= Theagenes of Patras =

2nd century Greek Cynic philosopher

Theagenes (Θεαγένης; fl. c. 160 AD) of Patras, was a Cynic philosopher and close friend of Peregrinus Proteus.

He is known principally as a character who appears in Lucian's The Death of Peregrinus (De Morte Peregrini), where he is introduced as praising Peregrinus' desire to kill himself by self-immolation:
Proteus," he cried, "Proteus vain-glorious? Who dares name the word? Earth! Sun! Seas! Rivers! God of our fathers, Heracles! Was it for this that he suffered bondage in Syria? that he forgave his country a debt of a million odd? that he was cast out of Rome, — he whose brilliance exceeds the Sun, fit rival of the Lord of Olympus? 'Tis his good will to depart from life by fire, and they call it vain-glory! What other end had eracles?

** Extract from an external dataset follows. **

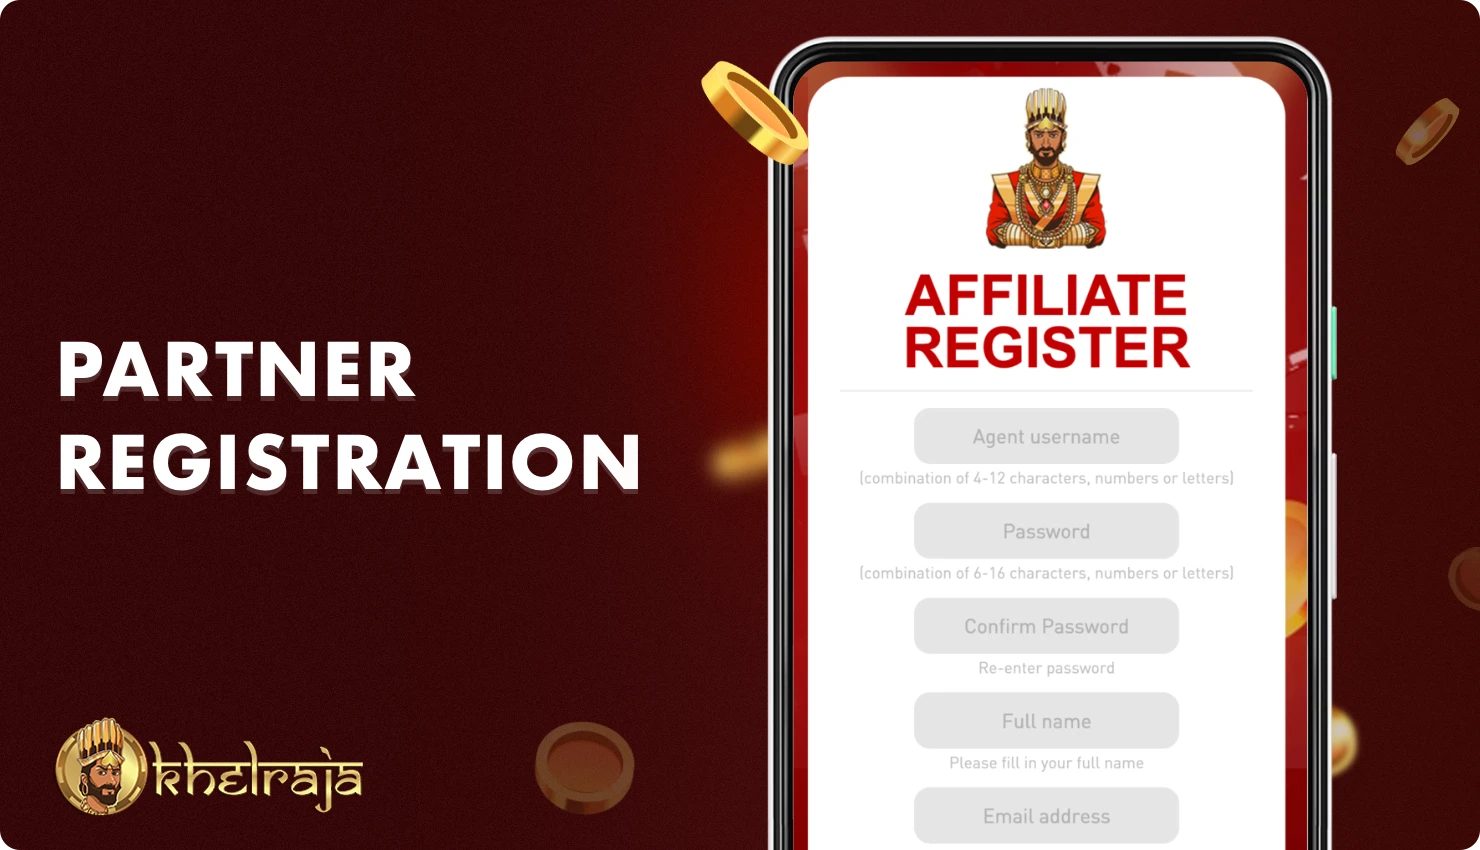 Registration in the Khelraja affiliate program takes several steps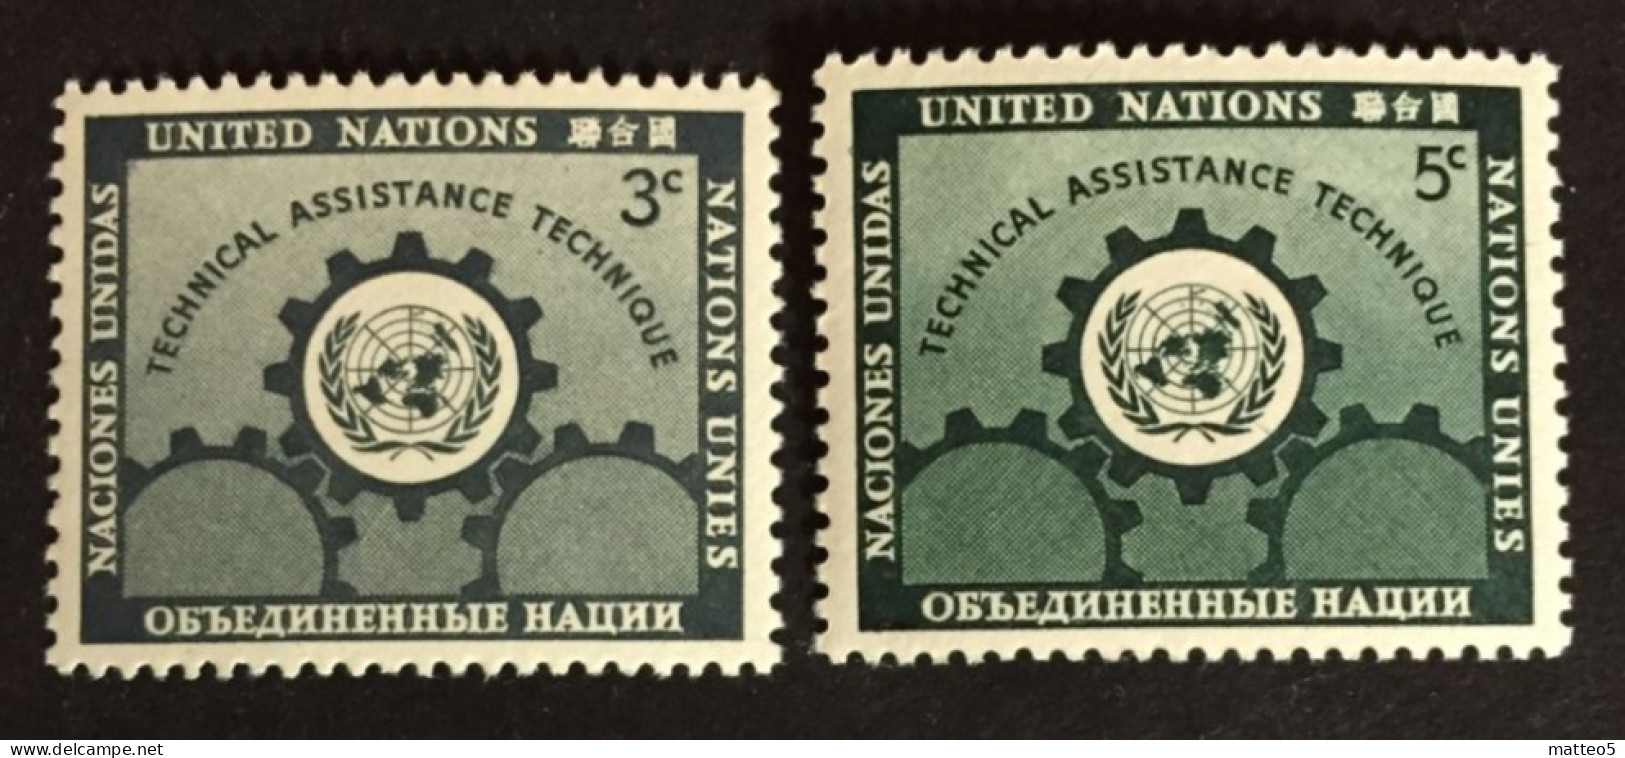 1953 - United Nations UNO UN ONU - Technical Assistance  - Unused - Ongebruikt

Theagenes aided Peregrinus by setting fire to the funeral pyre, which Peregrinus threw himself upon. Theagenes compared Peregrinus' suicide with the similar practices of the Gymnosophists in India. Lucian, who was hostile to Theagenes and his brand of Cynicism, states that Theagenes had a fortune of fifteen talents, which he obtained by money-lending.

Theagenes is also mentioned by Galen, who recalls how he lectured daily to large crowds in Trajan's Forum in Rome. Galen describes how Theagenes died when he was given an inappropriate treatment by Statilius Attalus (physician to Marcus Aurelius) for inflammation of the liver.